About this task:
Starting at the line that contains "Agios Stefanos Avliotes, Corfu, Greece, fishing", retype each line to the end of the listing below. Include both ends, but not the pictures.

Data below:
[Start of Attachment]
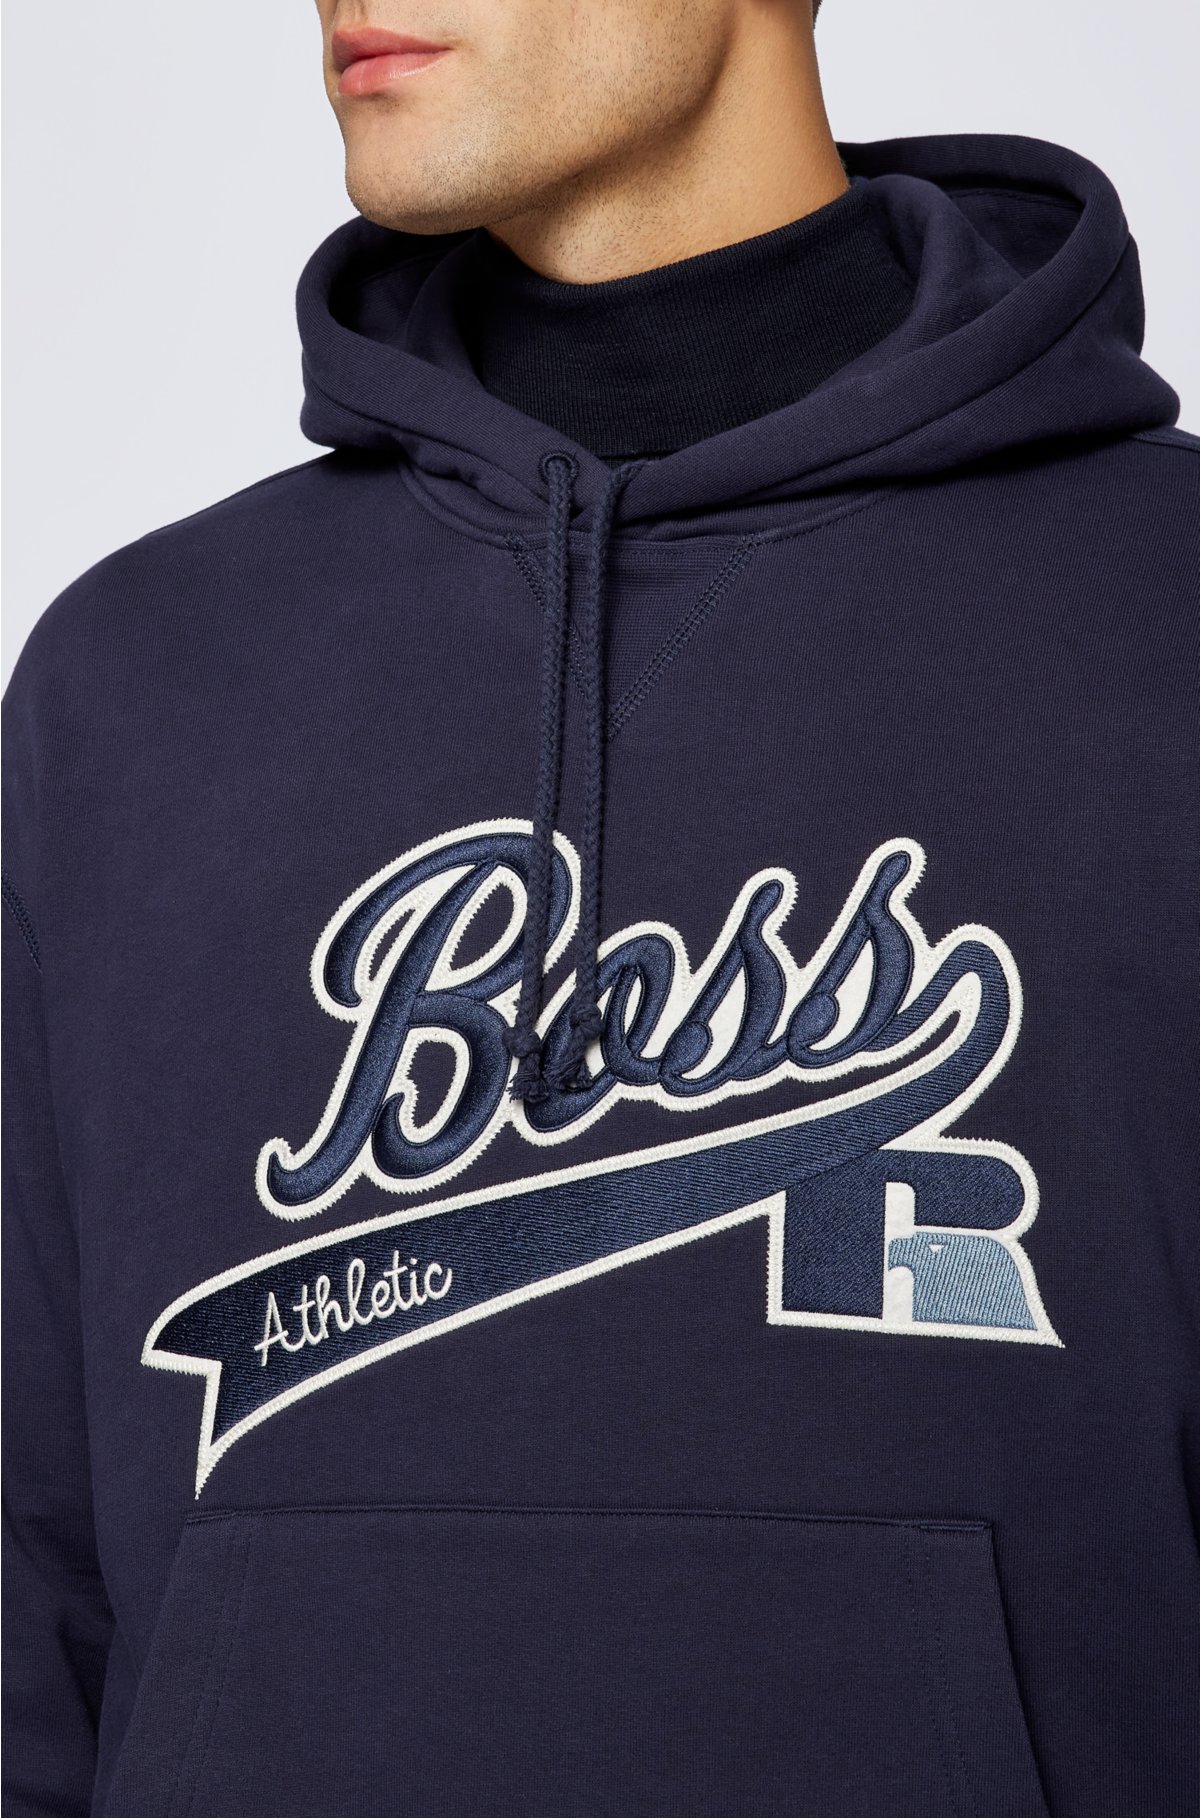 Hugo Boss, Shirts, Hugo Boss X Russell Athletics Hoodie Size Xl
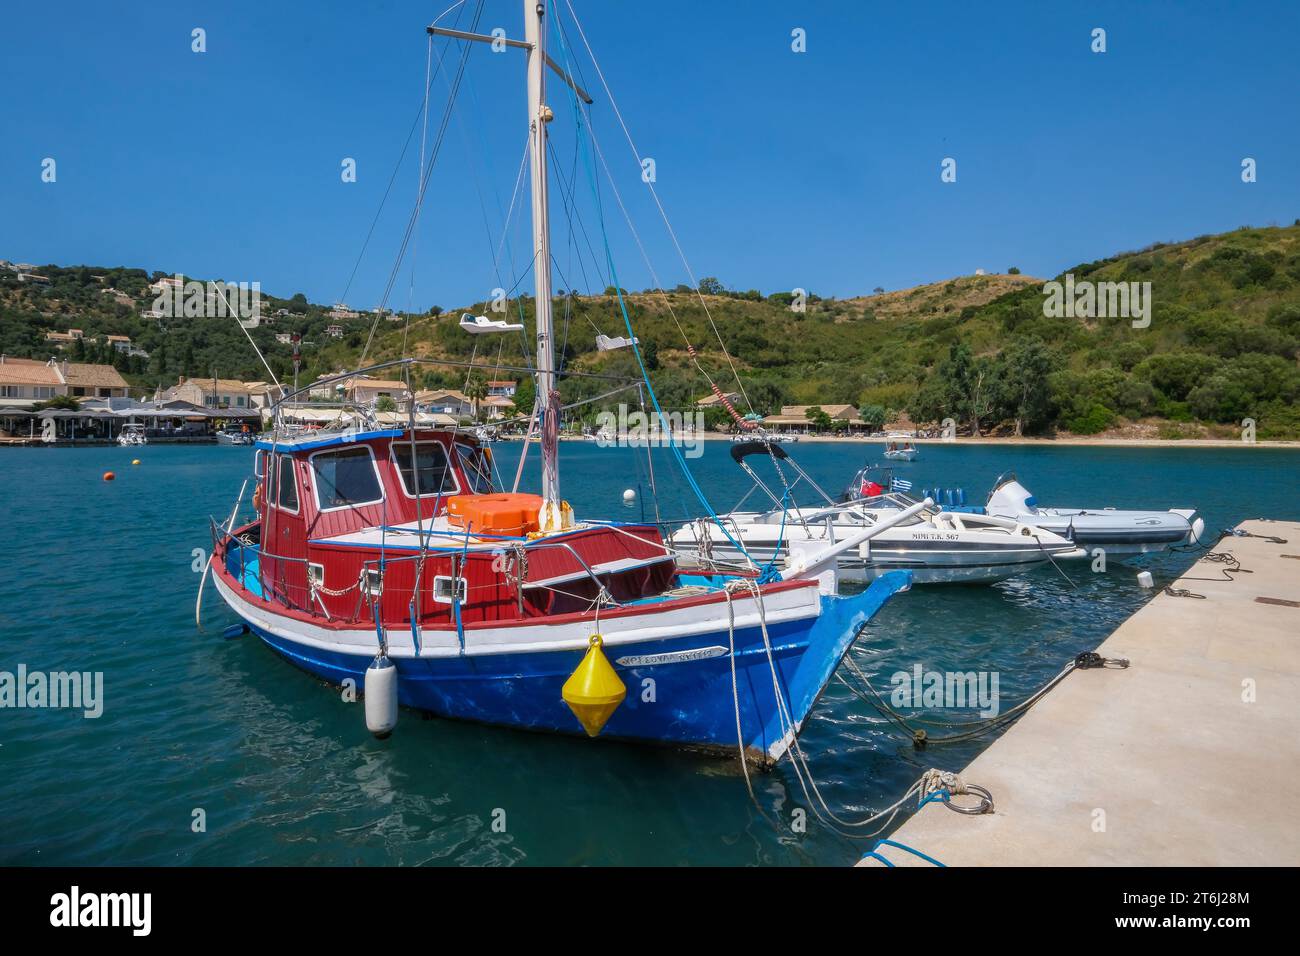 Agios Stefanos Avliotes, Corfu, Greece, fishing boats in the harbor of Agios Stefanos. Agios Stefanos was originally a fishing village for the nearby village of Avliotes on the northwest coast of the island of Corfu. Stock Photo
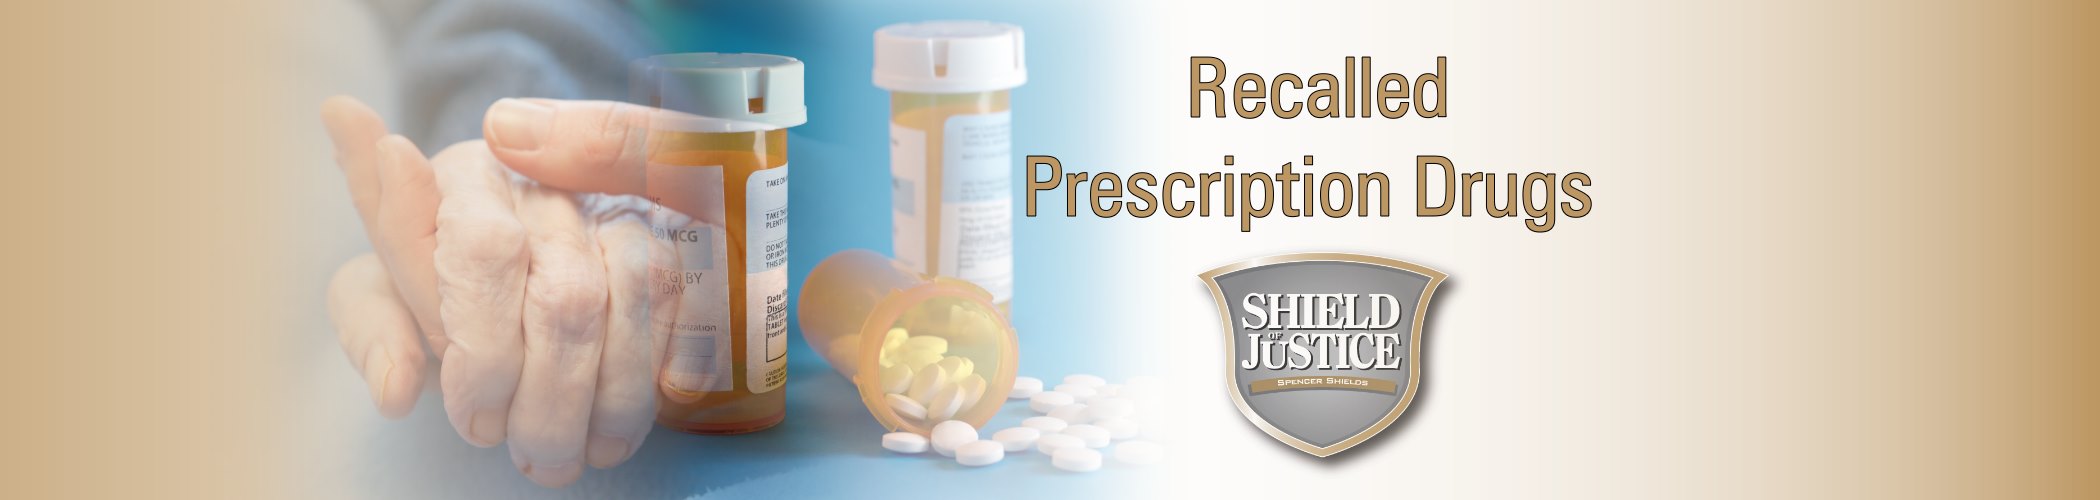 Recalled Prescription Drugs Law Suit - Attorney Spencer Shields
[End of Attachment]
Result for this task:
 Agios Stefanos Avliotes, Corfu, Greece, fishing boats in the harbor of Agios Stefanos. Agios Stefanos was originally a fishing village for the nearby village of Avliotes on the northwest coast of the island of Corfu. Stock Photo
 Recalled Prescription Drugs Law Suit - Attorney Spencer Shields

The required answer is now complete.